** Exercise directions **
Pictures aside, reproduce exactly and only the lines below, starting at the one containing "Negroni Truffles #negroni" and ending at the last line.

** Given data **
···

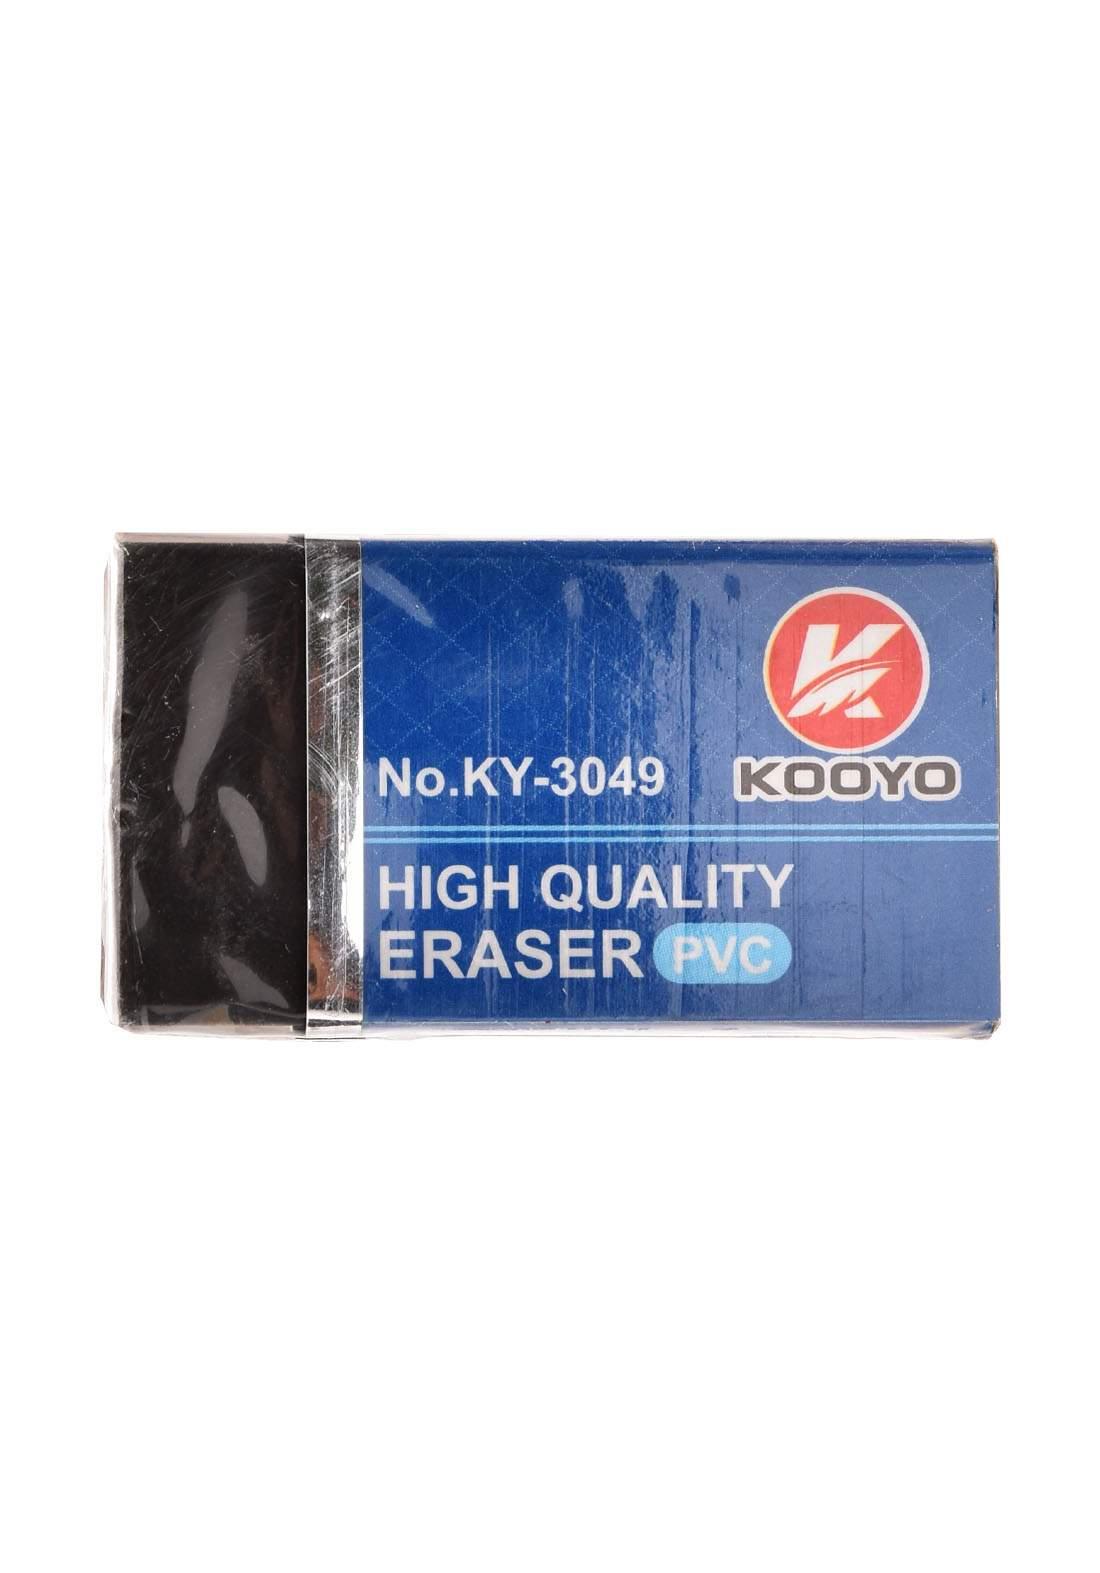 Kooyo KY-3049 ممحاة لقلم الرصاص
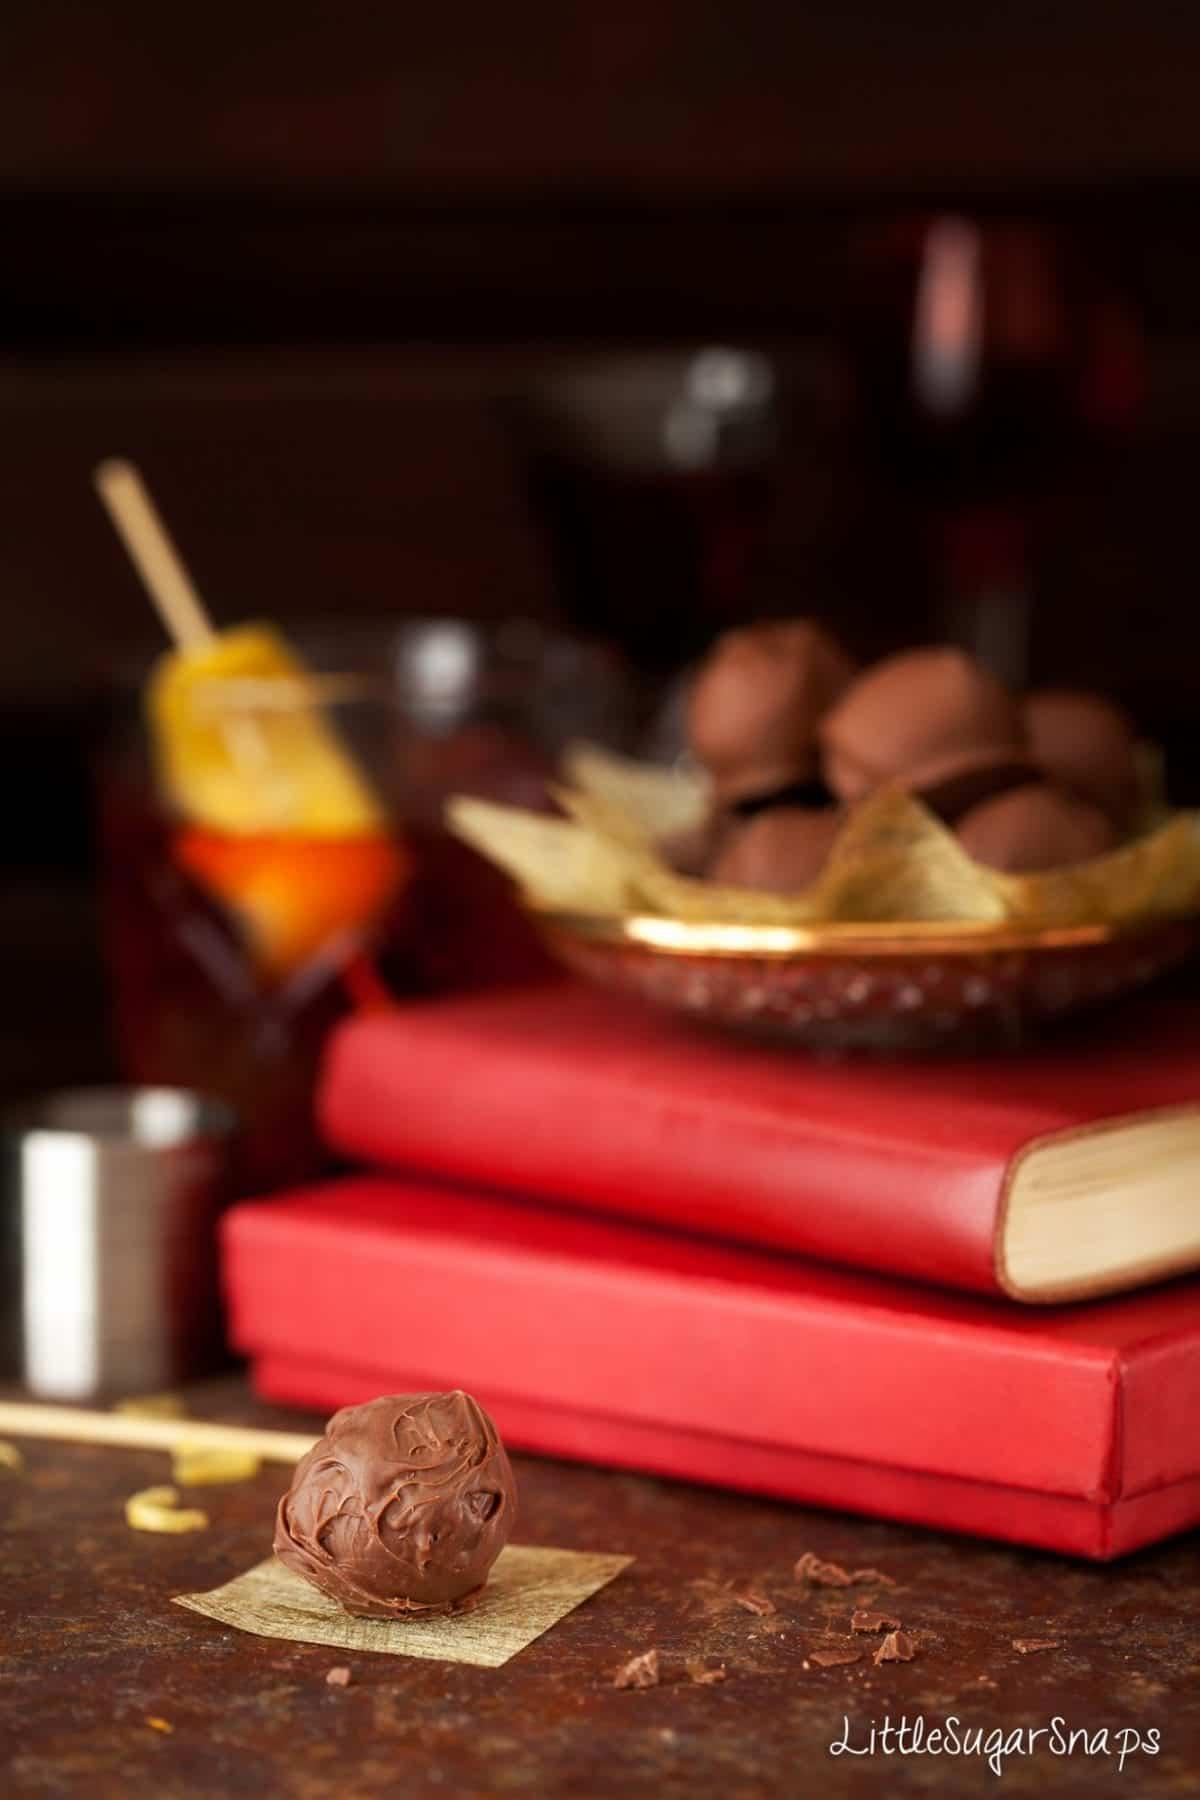 Negroni Truffles #negroni #chocolatetruffle #truffles #negronitruffle
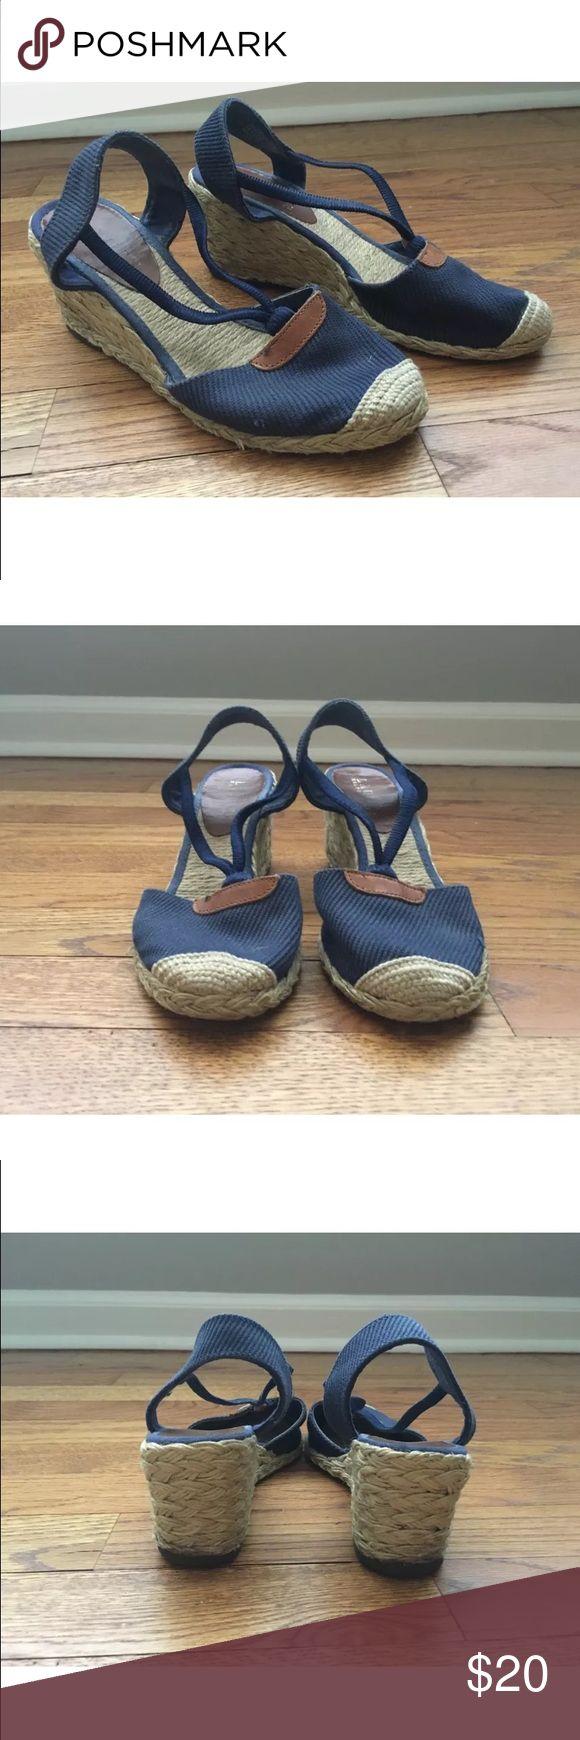 Ralph Lauren Cala Navy Espadrilles Sz 5.5 Beyond adorable Ralph Lauren Espadrilles perfect for your upcoming Holiday! Ralph Lauren Shoes Espadrilles

···

** Reply to the task **
 Negroni Truffles #negroni #chocolatetruffle #truffles #negronitruffle
 Ralph Lauren Cala Navy Espadrilles Sz 5.5 Beyond adorable Ralph Lauren Espadrilles perfect for your upcoming Holiday! Ralph Lauren Shoes Espadrilles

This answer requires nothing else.